为了解决上述技术问题,本申请实施例还提供一种计算机可读存储介质,采用了如下所述的技术方案:
一种计算机可读存储介质,所述计算机可读存储介质上存储有计算机可读指令,所述计算机可读指令被处理器执行时实现如下特征变量的分析方法的步骤:
对第一参与方中的特征数据进行分箱操作,得到数据特征集合;
对第二参与方中的特征标签进行分箱操作,得到特征标签集合;
计算所述数据特征集合中的特征数据的加权平均值,得到第一加权平均值;
计算所述特征标签集合中的特征标签的加权平均值,得到第二加权平均值;
基于所述第一加权平均值和所述第二加权平均值构建线性回归方程;
基于所述线性回归方程计算目标特征变量的均方误差和总平方和;
基于所述均方误差和所述总平方和计算所述目标特征变量的决定系数,并基于所述决定系数对所述目标特征变量进行评价。
与现有技术相比,本申请实施例主要有以下有益效果:
本申请公开了一种特征变量的分析方法、装置、计算机设备及存储介质,属于数据分析处理技术领域。本申请考虑到不同客户端的特征数据之间的关联关系,因此在对不同客户端中存储的特征数据和特征标签进行分箱,分别计算特征数据的加权平均值,得到第一加权平均值,以及计算特征标签的加权平均值,得到第二加权平均值,基于第一加权平均值和第二加权平均值构建线性回归方程,基于线性回归方程计算目标特征变量的均方误差和总平方和,基于均方误差和总平方和计算目标特征变量的决定系数,并基于决定系数对目标特征变量进行评价。本申请在实现多客户端联合的变量分析过程中,仅在多客户端之间传递加权平均值、均方误差、总平方和等中间评价因子,而不需要对特征数据和特征标签进行转移,因此可以在保护数据隐私的情况下实现多客户端联合的变量分析。
附图说明
为了更清楚地说明本申请中的方案,下面将对本申请实施例描述中所需要使用的附图 作一个简单介绍,显而易见地,下面描述中的附图是本申请的一些实施例,对于本领域普通技术人员来讲,在不付出创造性劳动的前提下,还可以根据这些附图获得其他的附图。
图1示出了本申请可以应用于其中的示例性系统架构图;
图2示出了根据本申请的特征变量的分析方法的一个实施例的流程图;
图3示出了根据本申请的特征变量的分析装置的一个实施例的结构示意图;
图4示出了根据本申请的计算机设备的一个实施例的结构示意图。
具体实施方式
为了使本技术领域的人员更好地理解本申请方案,下面将结合附图,对本申请实施例中的技术方案进行清楚、完整地描述。

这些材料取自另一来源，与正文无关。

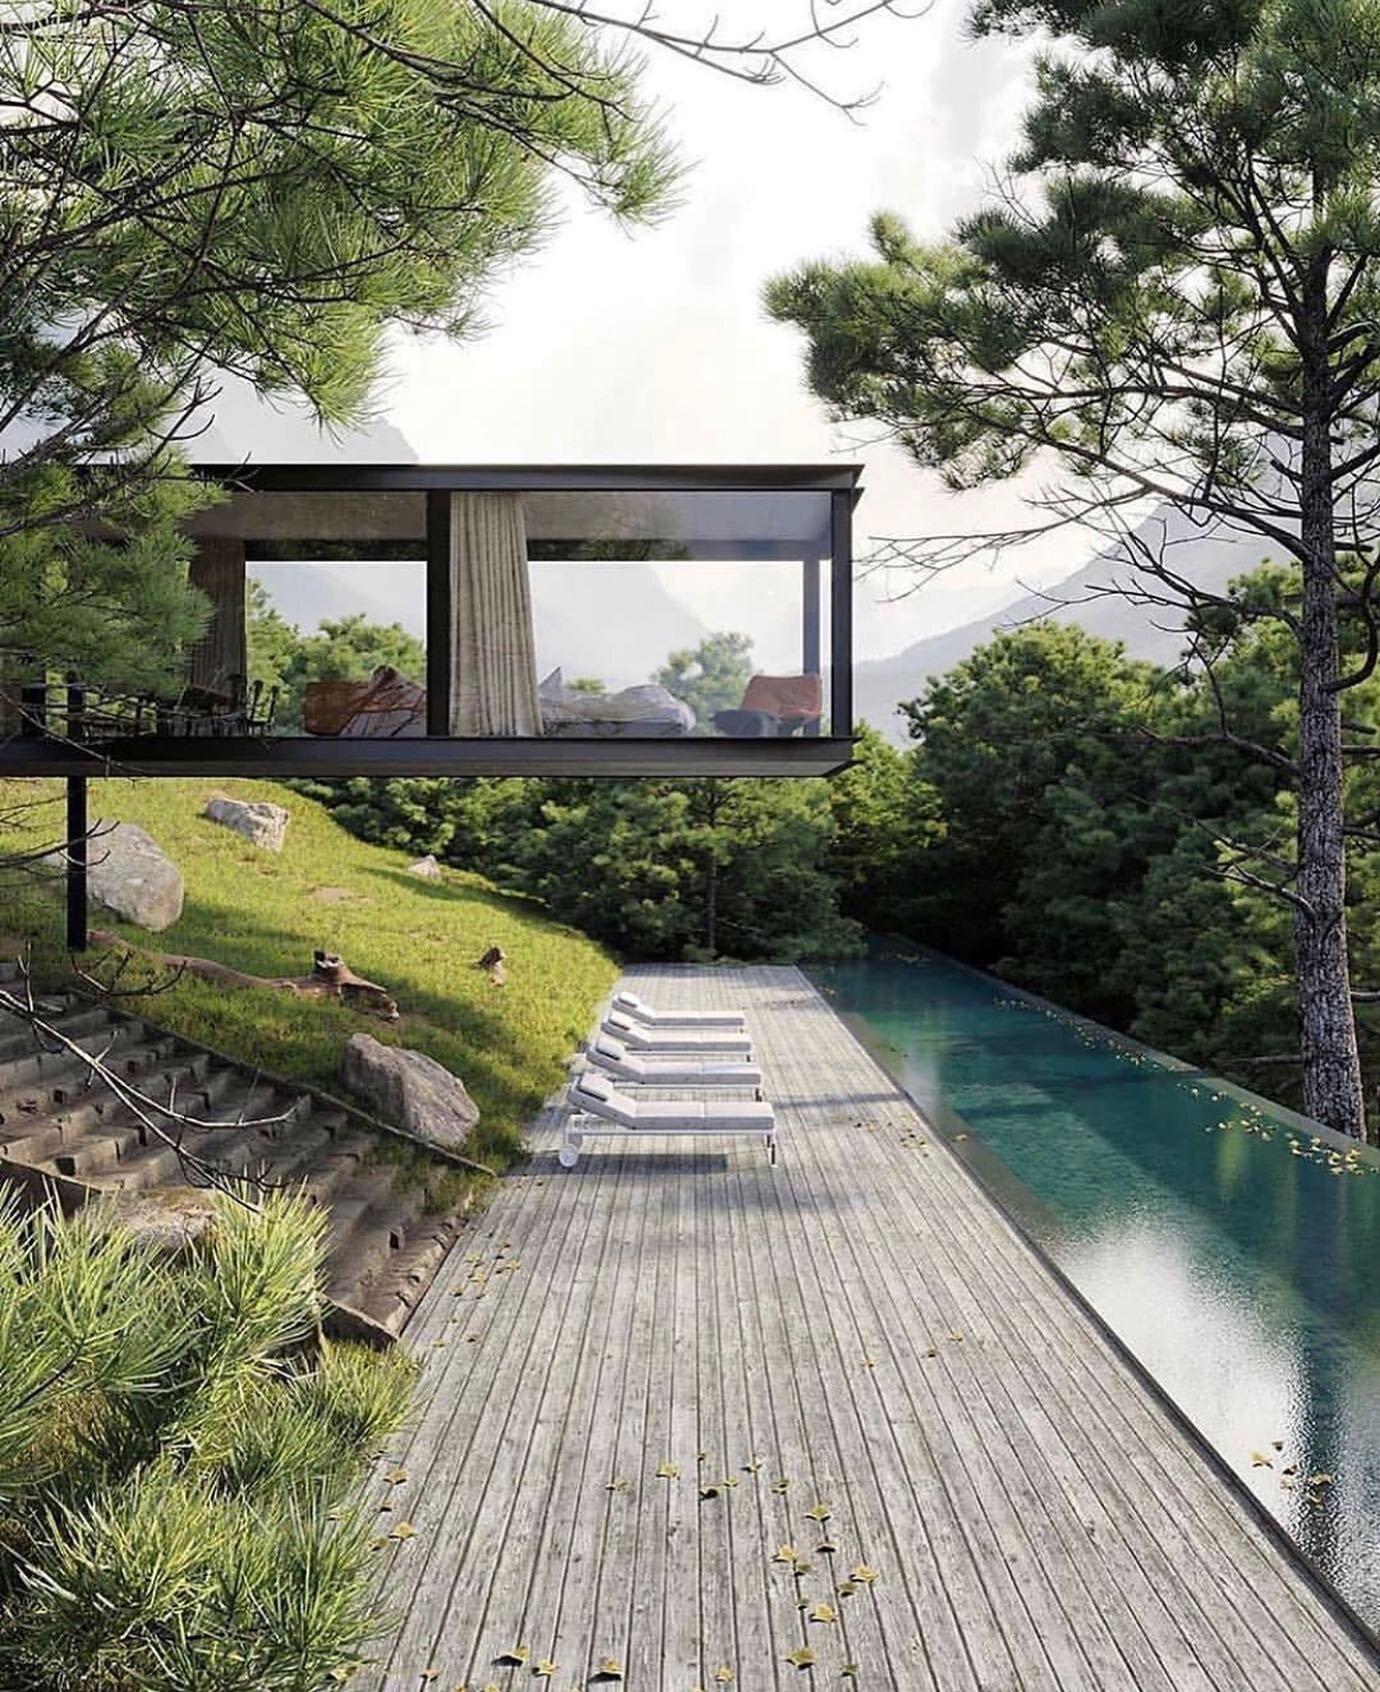 Living life on the edge 🏔Mountain Ridge House designed by @studio_m6  #trustFUN #moodboard

如图1所示,系统架构100可以包括终端设备101、102、103,网络104和服务器105。网络104用以在终端设备101、102、103和服务器105之间提供通信链路的介质。网络104可以包括各种连接类型,例如有线、无线通信链路或者光纤电缆等等。
用户可以使用终端设备101、102、103通过网络104与服务器105交互,以接收或发送消息等。终端设备101、102、103上可以安装有各种通讯客户端应用,例如网页浏览器应用、购物类应用、搜索类应用、即时通信工具、邮箱客户端、社交平台软件等。
终端设备101、102、103可以是具有显示屏并且支持网页浏览的各种电子设备,包括但不限于智能手机、平板电脑、电子书阅读器、MP3播放器(Moving Picture Experts Group Audio Layer III,动态影像专家压缩标准音频层面3)、MP4(Moving Picture Experts Group Audio Layer IV,动态影像专家压缩标准音频层面4)播放器、膝上型便携计算机和台式计算机等等。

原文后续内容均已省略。